*Task description*: Please keep the images out and set down the data exactly as given.

** Opening Data segment block **

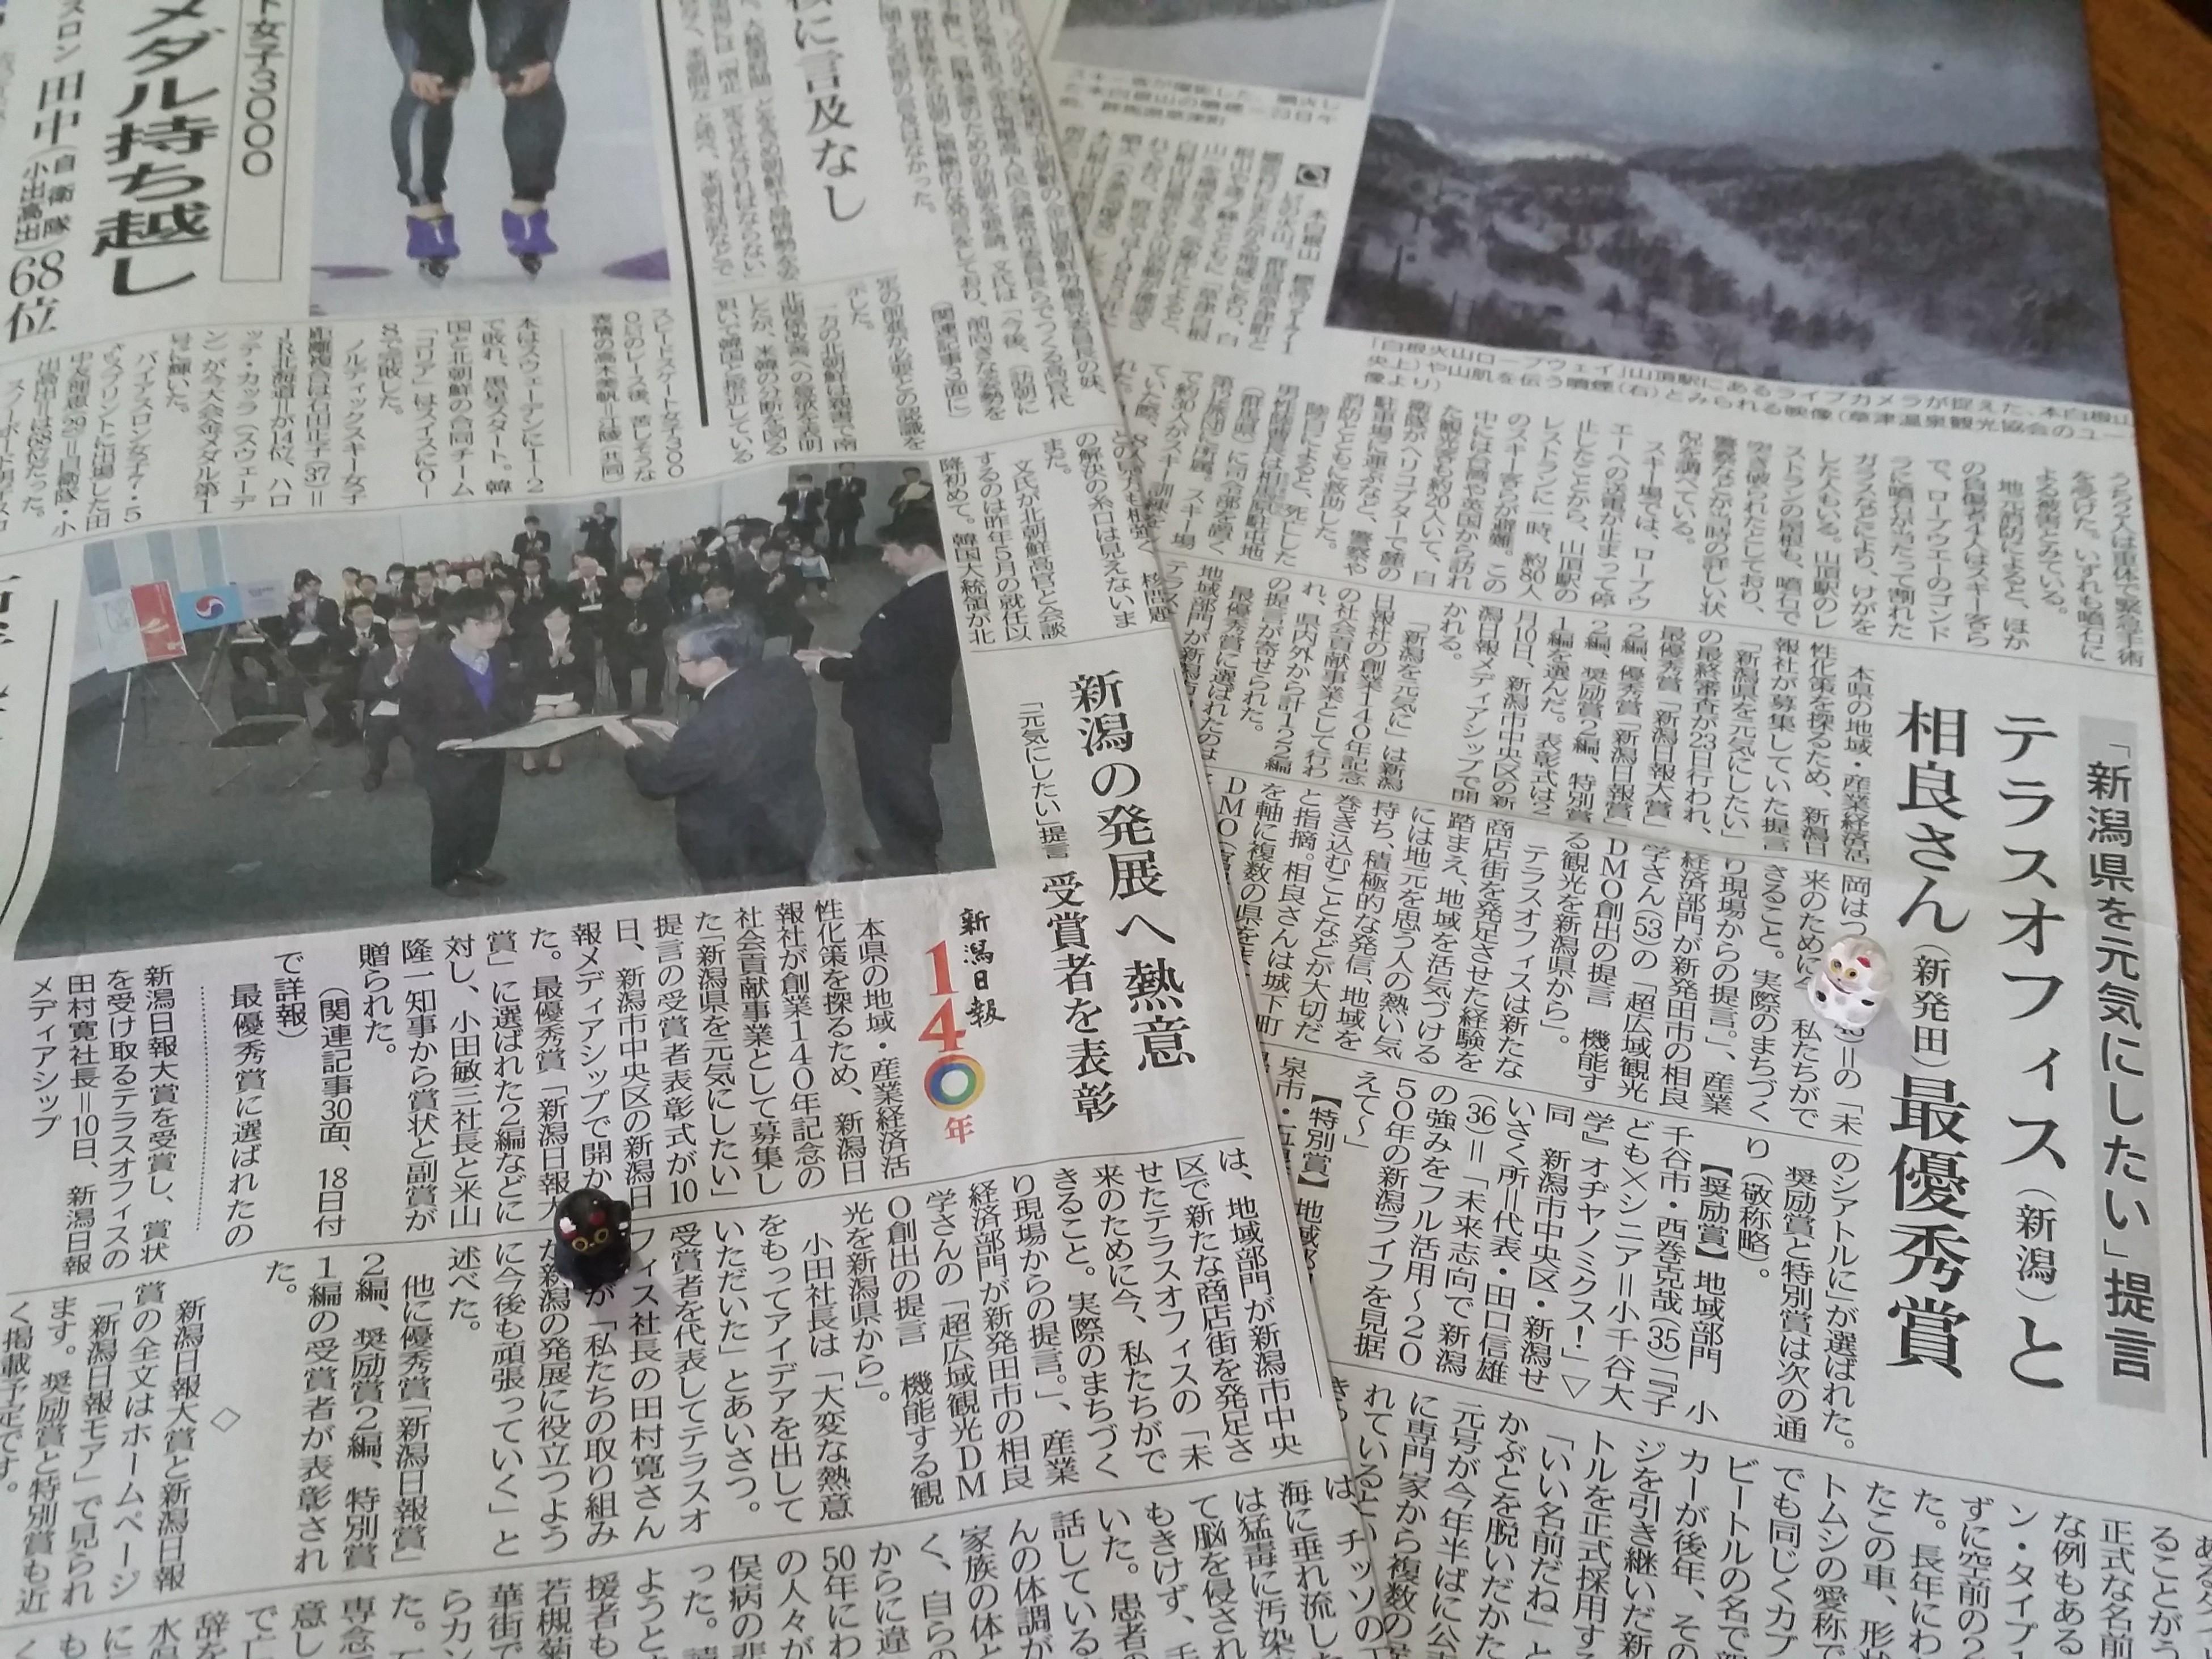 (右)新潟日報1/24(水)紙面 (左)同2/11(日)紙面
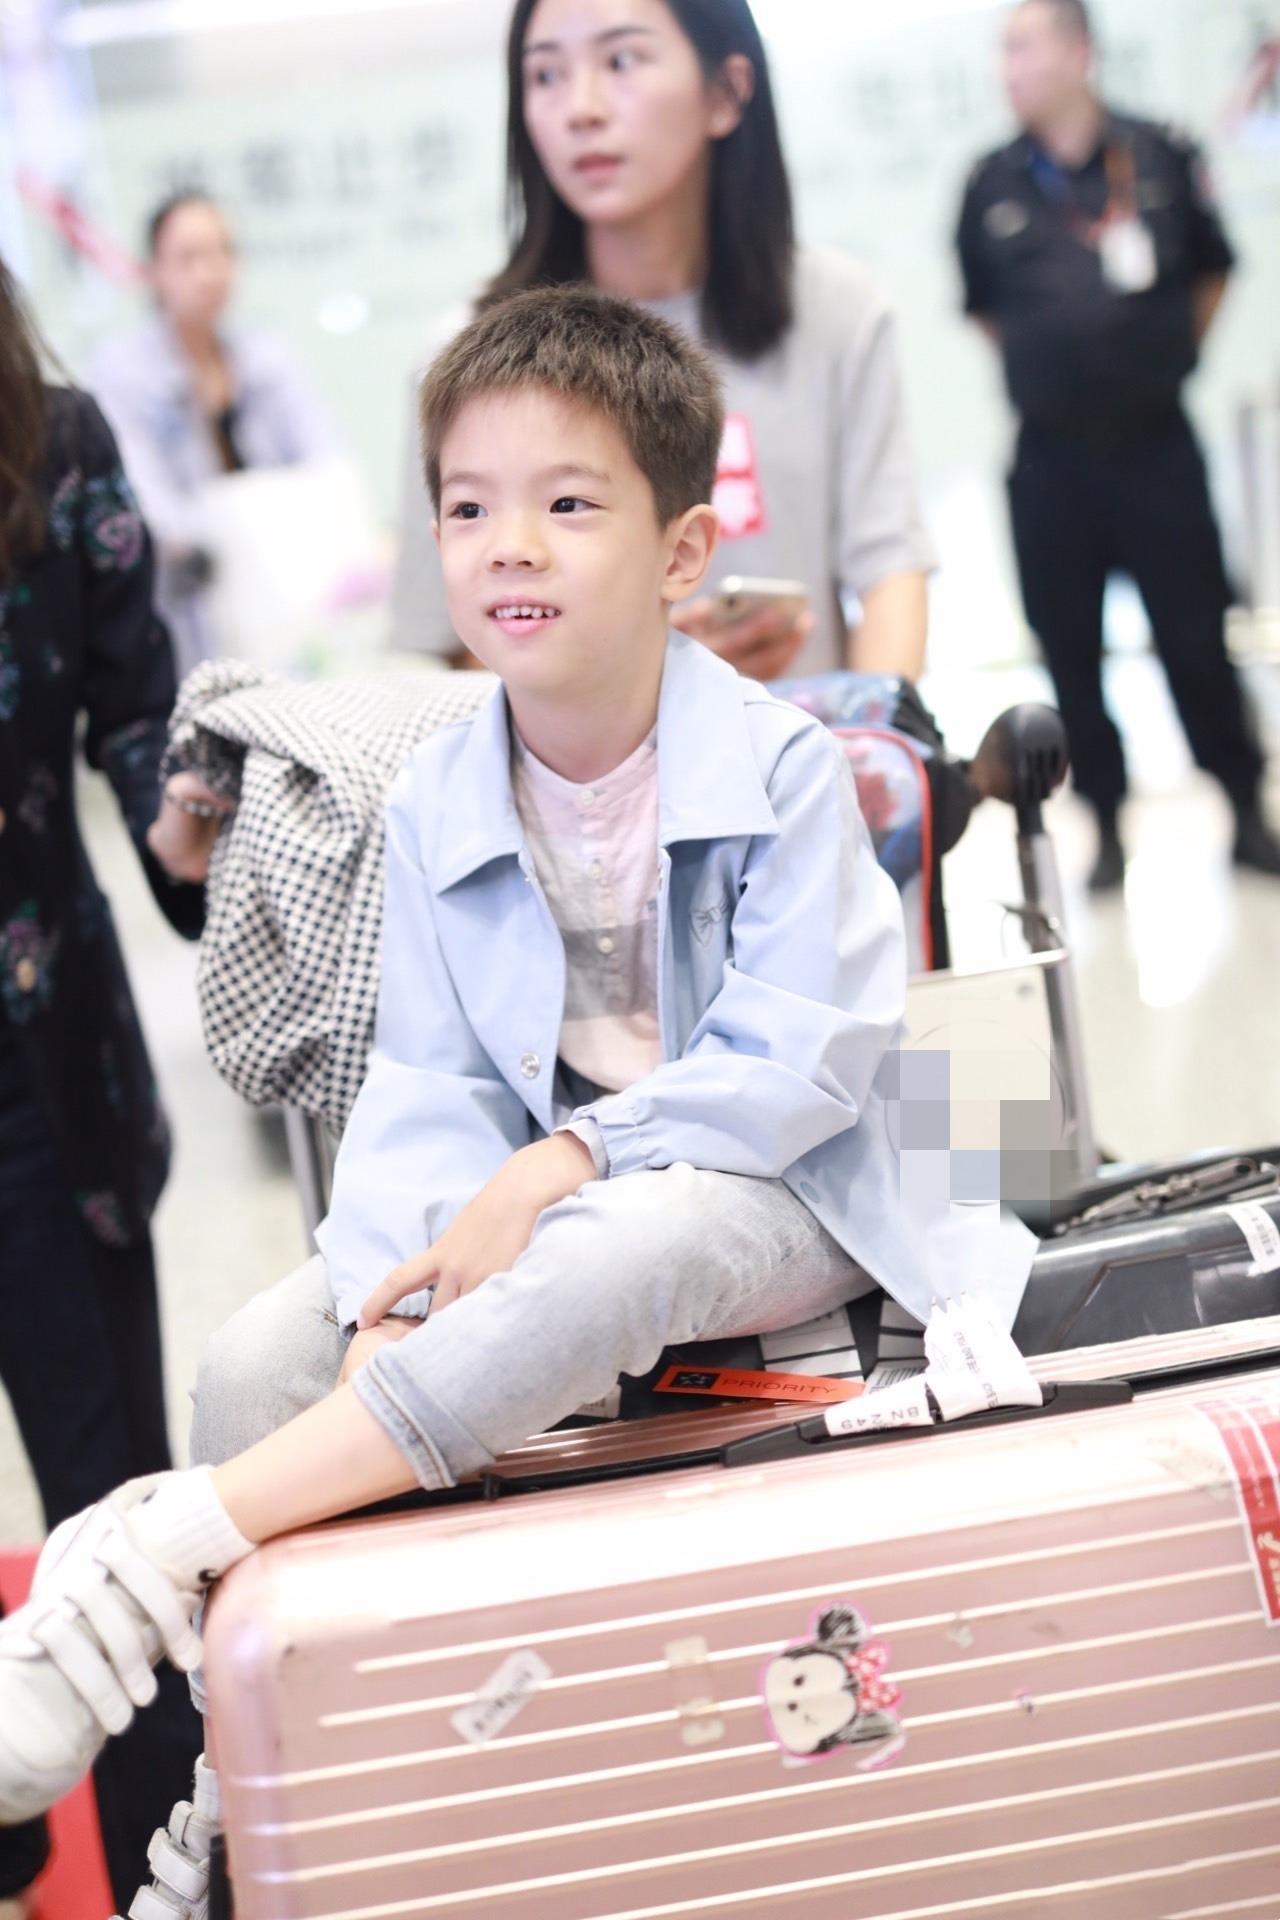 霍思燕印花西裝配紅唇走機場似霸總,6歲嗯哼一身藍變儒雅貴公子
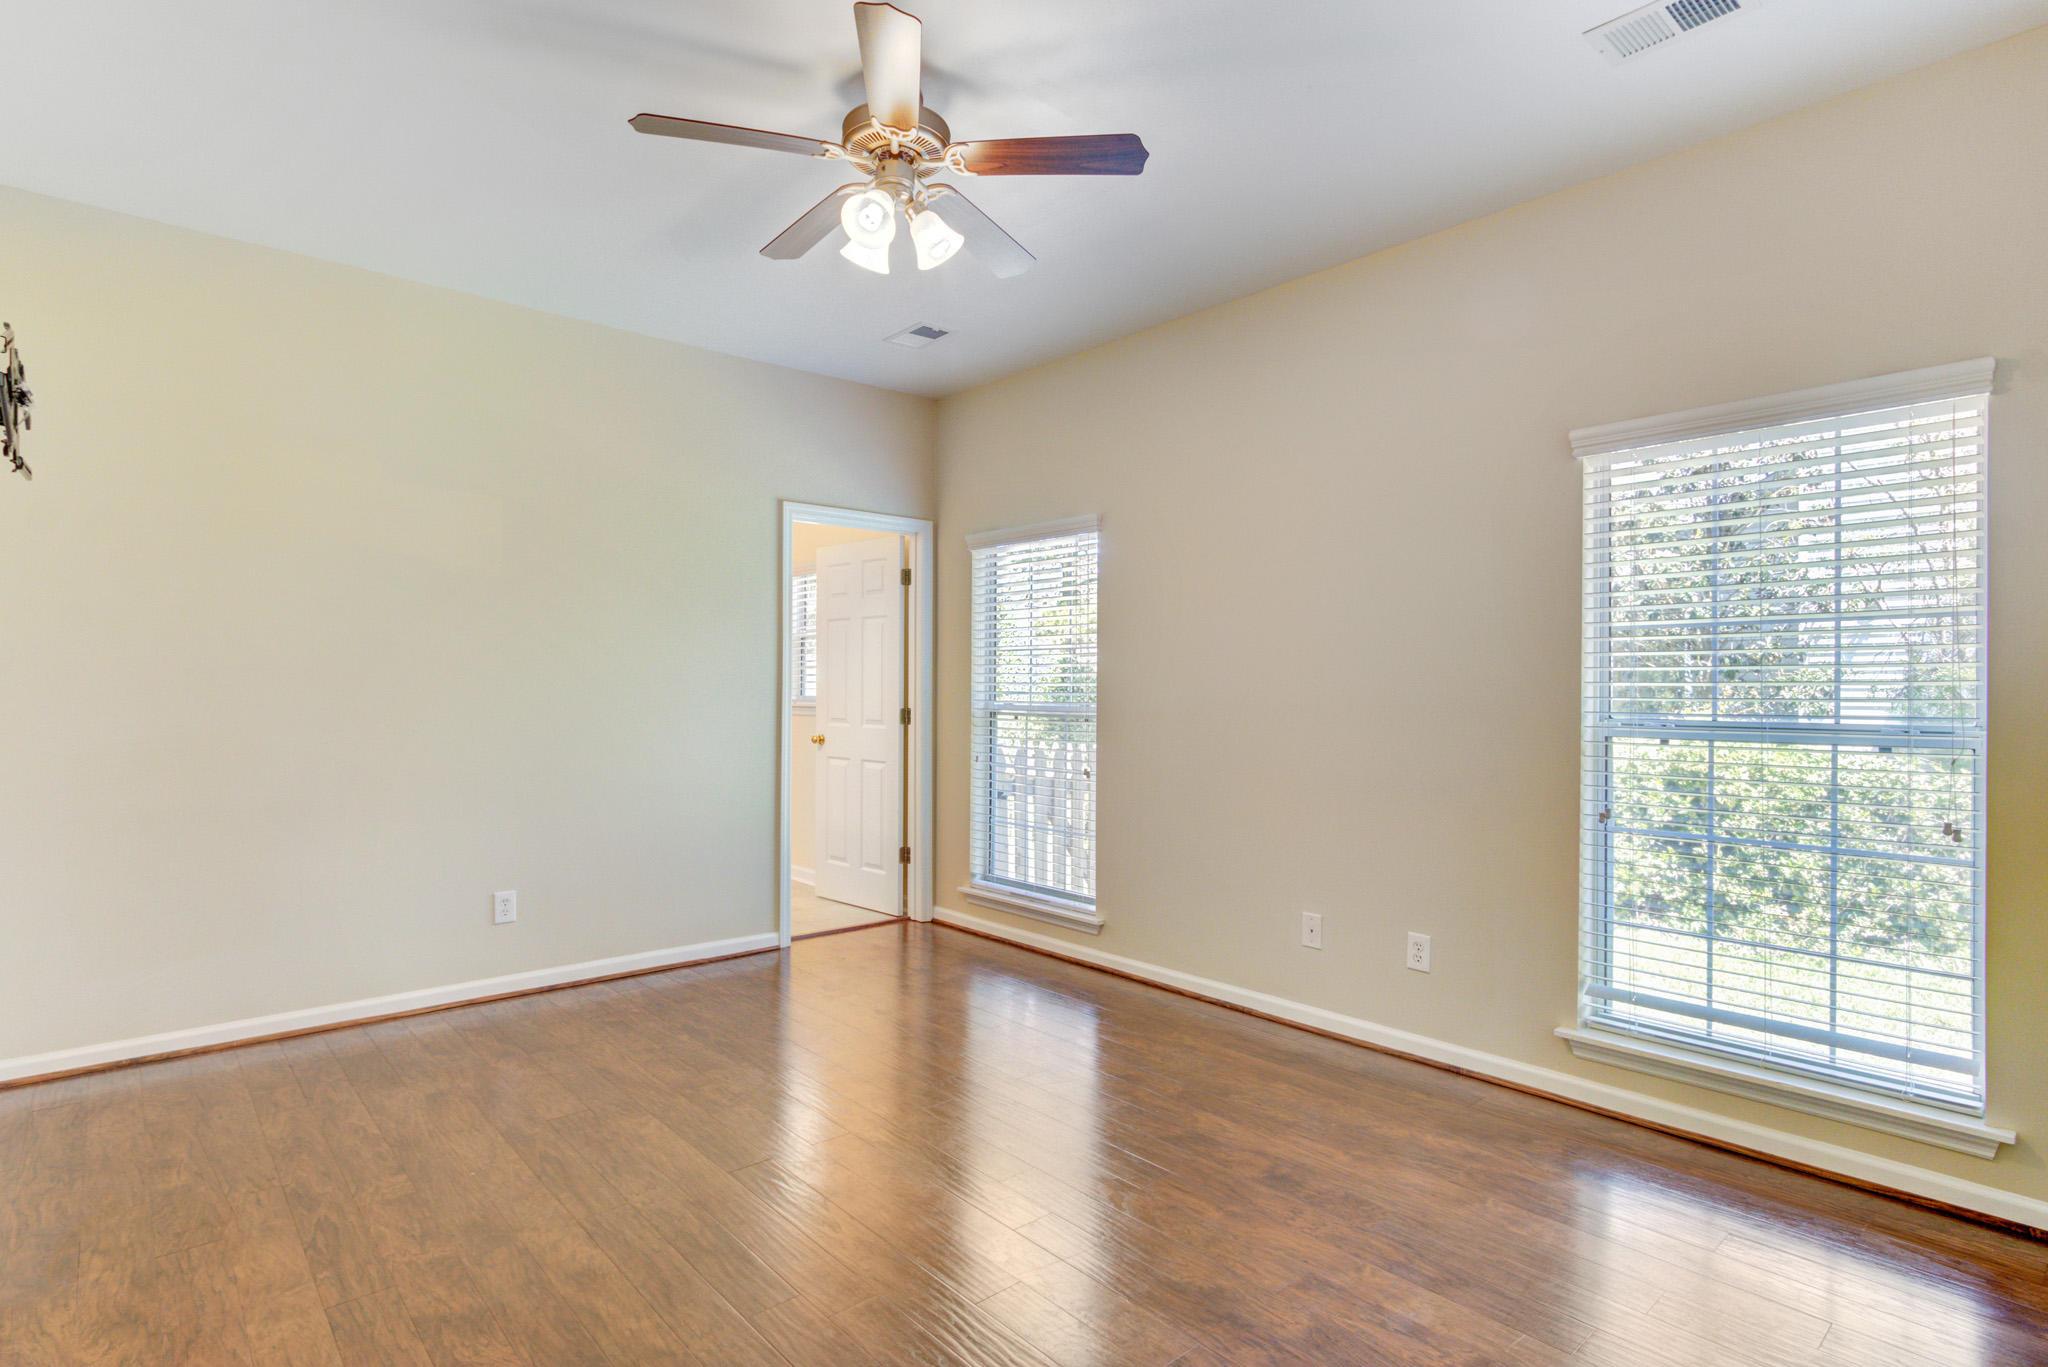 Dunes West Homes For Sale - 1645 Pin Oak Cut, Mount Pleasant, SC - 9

** Closing Data segment block **

*Task answer*:
 (右)新潟日報1/24(水)紙面 (左)同2/11(日)紙面
 霍思燕印花西裝配紅唇走機場似霸總,6歲嗯哼一身藍變儒雅貴公子
 Dunes West Homes For Sale - 1645 Pin Oak Cut, Mount Pleasant, SC - 9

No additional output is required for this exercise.